■半栽培植物のスイタクワイを調べる
阪本先生は、身近な栽培植物(作物)の研究に取り組む中、スイタクワイが半栽培植物ではないかとの仮説をたて、現地調査とオモダカ、クワイとの比較栽培を行った体験を交え、スイタクワイの歴史と人々の関わりを資料に添い、語った。
今から124年前(1885年)の大阪府神崎郡吹田村の地図から説明した。神崎川、糸田川、千里丘陵に囲まれた地域にスイタクワイは自生地していた。この地域は、頻繁に起こった洪水で水の排出が悪く、人家がなく、深田(高湿田)地帯であった。この高湿田に入って採取するため用いた桶沓、クワイ堀りを写真で示した。高浜橋のたもとにあった仲買人の店にも出荷された。年末に「鴨」という藁づとに入れて知人に贈った。“芽を吹く”と称してお正月のおせち料理の一品にされた。また、吹田村御料地の農家から毎年春に京都の禁裏、仙洞、女御、大宮の4御所に献上する献上籠の写真を示した。
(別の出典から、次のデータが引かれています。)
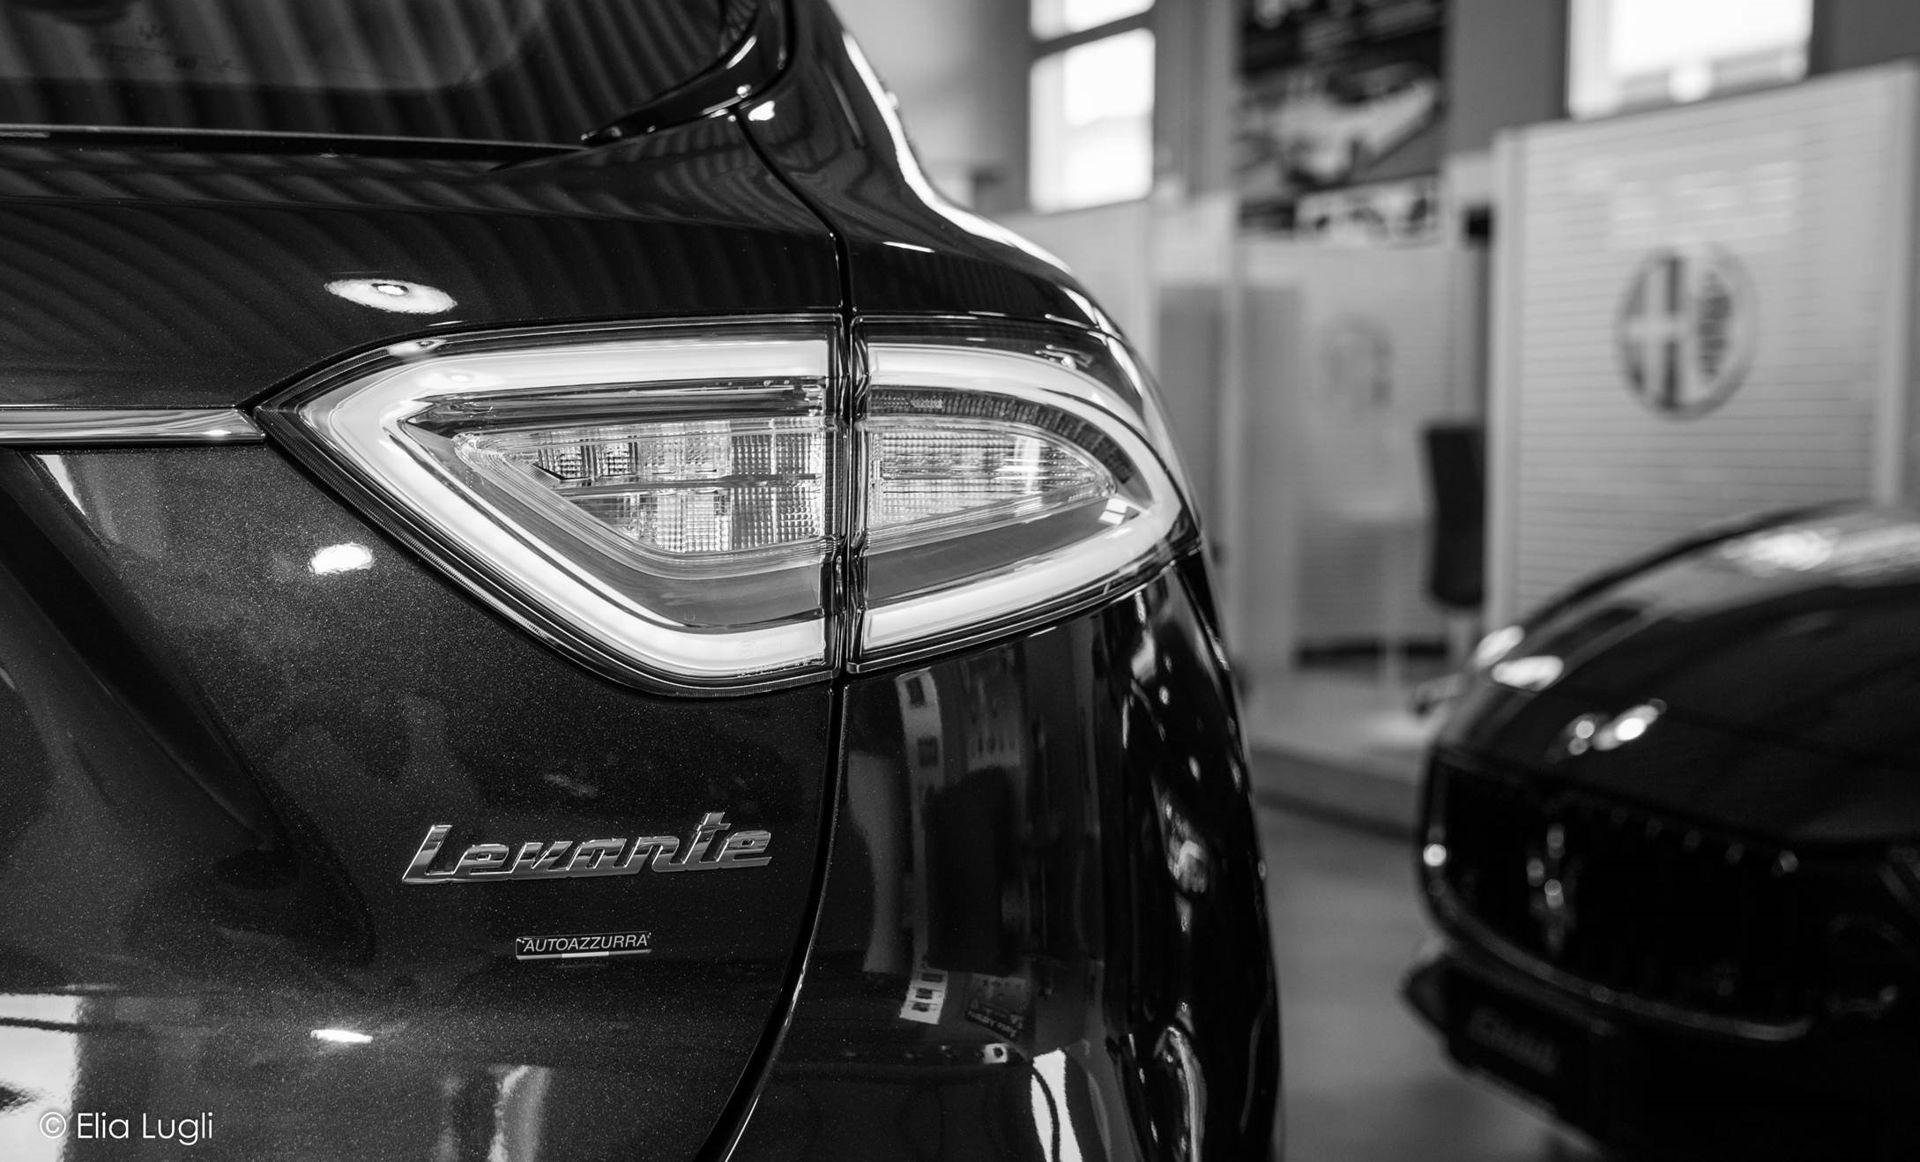 Maserati Auto Azzurra

明治時代には約10石の収穫量があった。このことからスイタクワイは半栽培植物の1例であると判ったとする研究結果を述べた。
■絶滅が避けられ、保存から普及活動
都市化する中にあって、南吹田在住の木下ミチさんが1955年から自宅前の小さな水田にスイタ
クワイを植栽して保存し、“種継ぎ”をしておられた。1985年に「吹田くわい保存会」が結成され、この種継ぎしてきたスイタクワイの系統保存と、塊茎と種子を増殖し、地域の特産植物の絶滅を避けられる結果となった。そして、一般市民や小・中・高校などで育て、普及活動が活発になった。吹田祭りに「吹田くわい献上行列」が再現され、市内の公園の水場に植えられ、塊茎を素材にした料理が作られるなど、新たなスイタクワイと人々の暮らしの展開がはじまっていると振りかえられた。
また、「なにわ伝統野菜」17品目の中に加えられた。古くから味の良い「豆慈姑」としてその名が広く知り渡っていたと言える。市場販売ベースにのるまで生産が拡がっており、新しく脚光を浴びるに至っていると語った。そして、泉殿宮神社の絵馬に「スイタクワイ」が描かれていると、2枚の絵馬を取り出して、示した。
吹田市民の方々にスイタクワイについて語る機会をもて、感謝しますと述べ、講演を終えた。
■劇団にのいちによる
「すいたくわいが笑った!」
講演が終えて、30分後、劇団にのいちによる
「すいたくわいが笑った!」が多くの子どもと母親が着席する会場で演じられた。
夏休みにふたりのこどもが“冒険心”で農家に入り、農家の人に出会い、そこで見つけた「すいたくわい」とのやりとりをコミカルに演じた。
農薬で姿を消す「すいたくわい」を守る様子と同じく絶滅の危機にあった「ヒメボタル」をとり
あげた。劇で「すいたくわい」の歌が唄われた。暮らしのなかに残された自然の大切さをアピールした。
30分の劇に、笑い声があふれた。
劇が終え、演じた一人一人と歌の作者、劇の作者の代理が紹介され、参加者は和やかな拍手で称えた。
なお、講演、演劇に先立って11時から、「なにわの伝統野菜(夏野菜バージョン)を学び食べる」が「みんなのまちづくり吹田塾」のもと、開かれた。
「吹田くわい」を私も育てていますー写真展が
10月5日(月)~9日(金)吹田市役所玄関ロビーにおいて、「吹田くわい」保存会の主催で開かれる案内があった。
(作成 M)
以上、今回の自然物語をふりかえって
関西大学のMさんがまとめてくださった
「吹田市の自然物語」の講座・シンポジウムの報告でした。(おーぼら)
コメント
Mさんごくろうさんでした。博物館(研究所、大学はもちろん、どんな機関でも)にとって記録というのは大変大切なものです。Kちゃんは映像を、そういえばO君は、破片になって散らばったブログ記事を復元。こういう人たちが増えていけば、すいはくの将来も明るいのではないでしょうか。ありがとうございました。今後もよろしく。